--- Exercise directions ---
From the entries below, write out exactly the lines between the line holding "PERCENT REDUCTION (BRIVIACT" and the line holding "Rat mouse pad and case", inclusive, excluding any pictures.
Excerpted data: Begin
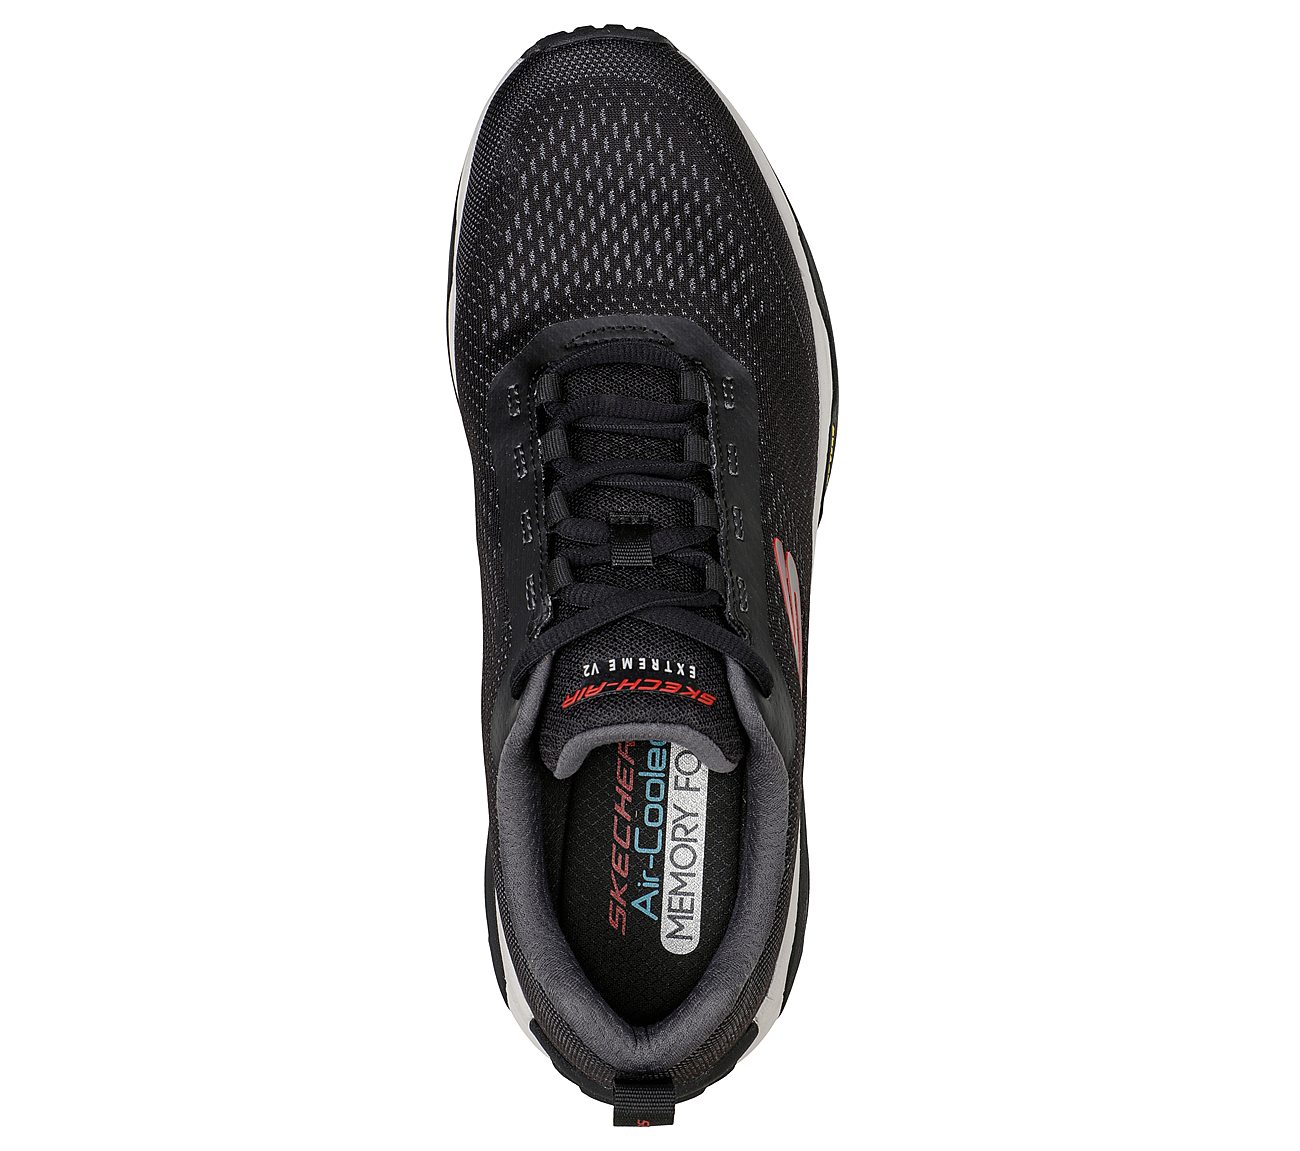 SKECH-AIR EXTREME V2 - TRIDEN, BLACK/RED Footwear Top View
Excerpted data: End
Excerpted data: Begin
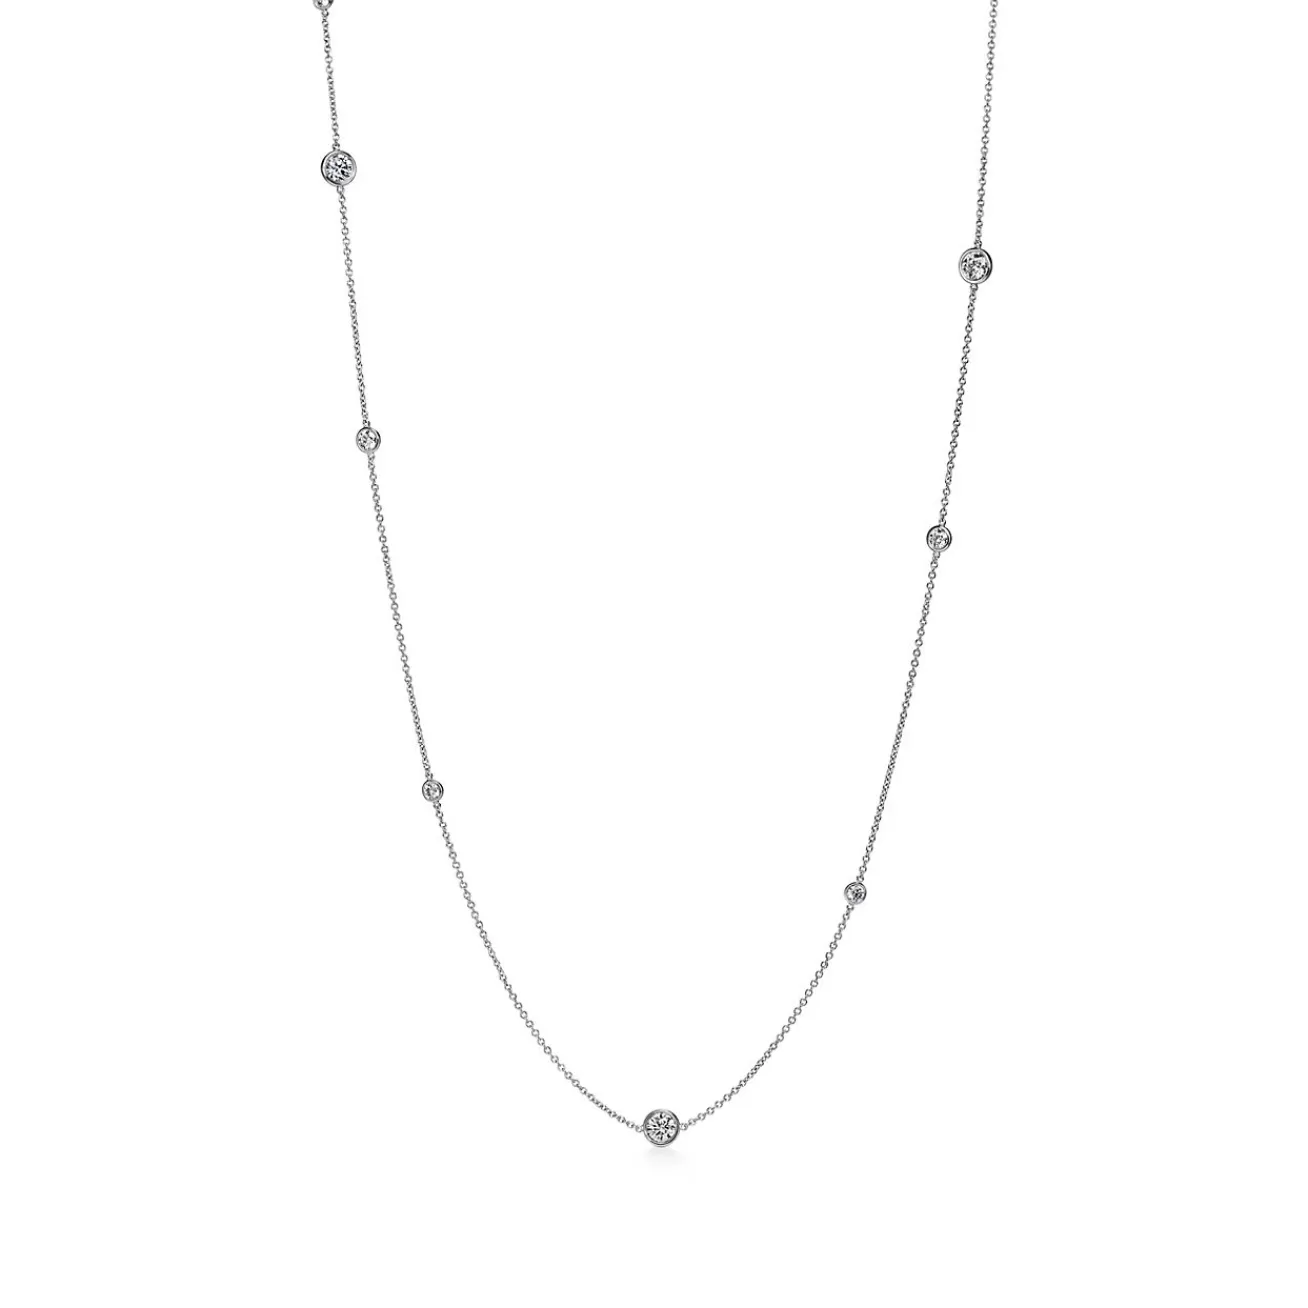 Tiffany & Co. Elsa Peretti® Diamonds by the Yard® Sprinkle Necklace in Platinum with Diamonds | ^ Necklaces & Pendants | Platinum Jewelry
Excerpted data: End
Excerpted data: Begin
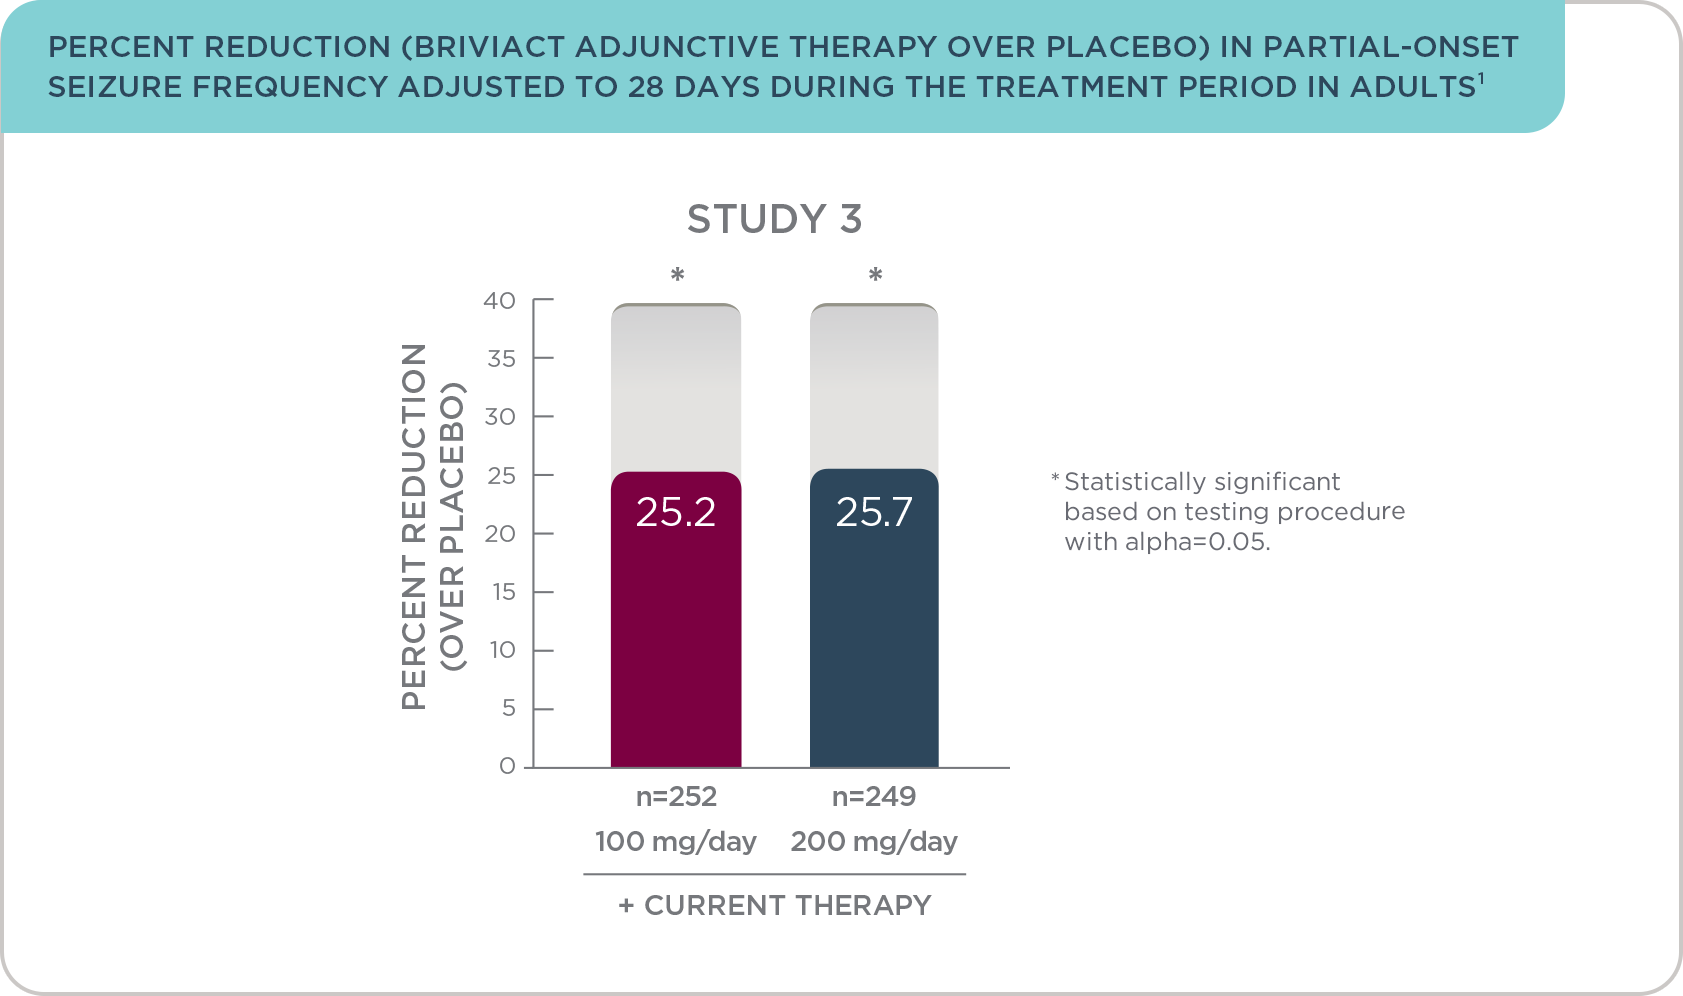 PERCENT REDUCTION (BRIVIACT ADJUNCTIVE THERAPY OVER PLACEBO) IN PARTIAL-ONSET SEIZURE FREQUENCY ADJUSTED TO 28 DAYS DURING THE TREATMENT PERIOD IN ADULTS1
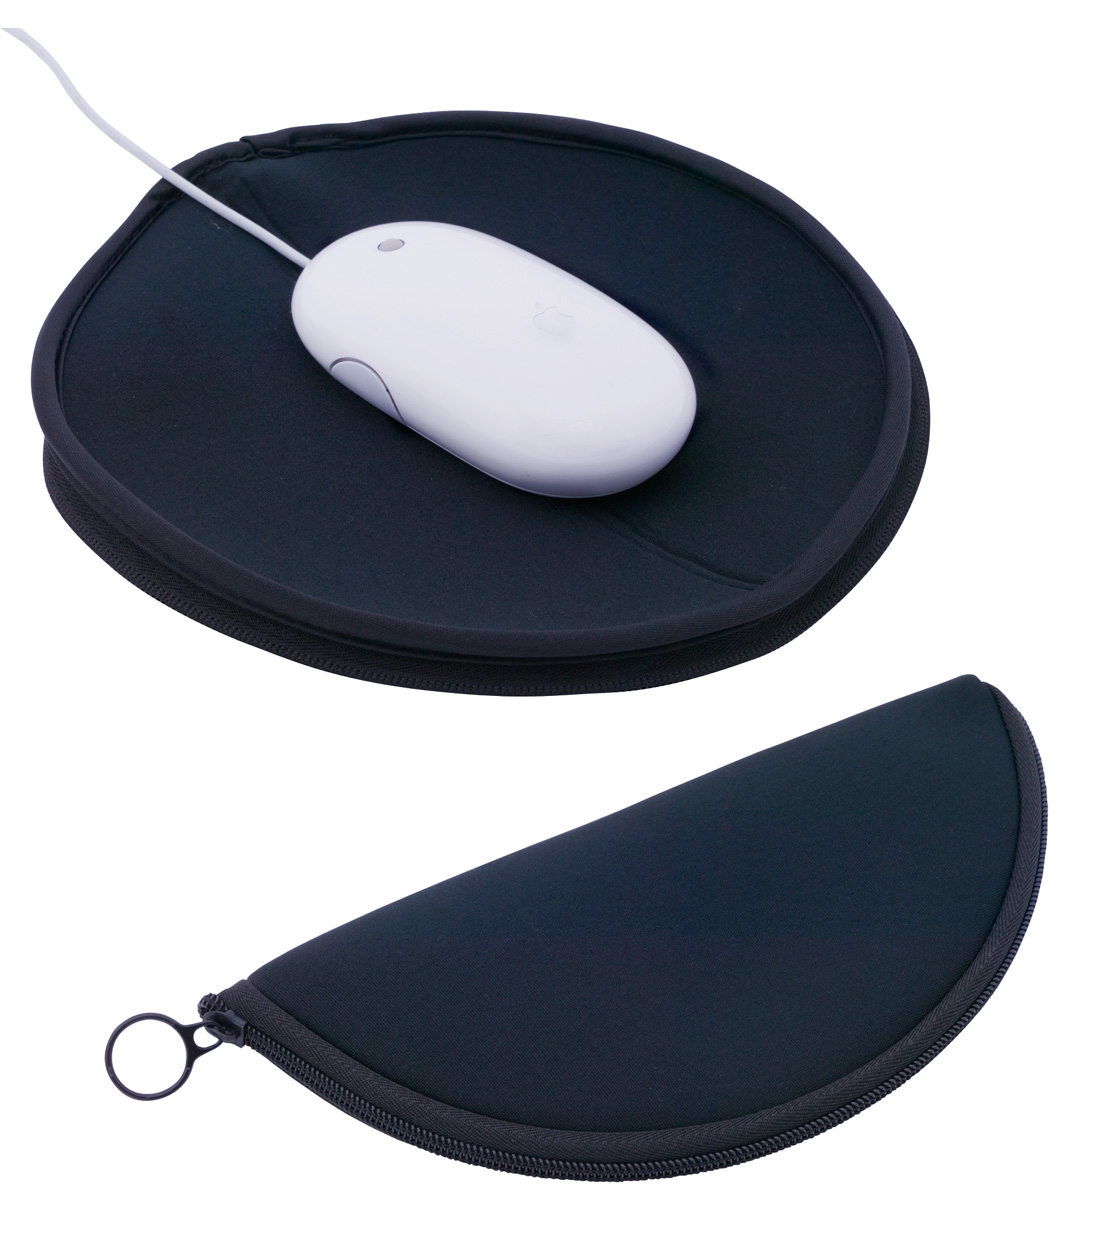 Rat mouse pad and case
Excerpted data: End
--- Completed task ---
 PERCENT REDUCTION (BRIVIACT ADJUNCTIVE THERAPY OVER PLACEBO) IN PARTIAL-ONSET SEIZURE FREQUENCY ADJUSTED TO 28 DAYS DURING THE TREATMENT PERIOD IN ADULTS1
 Rat mouse pad and case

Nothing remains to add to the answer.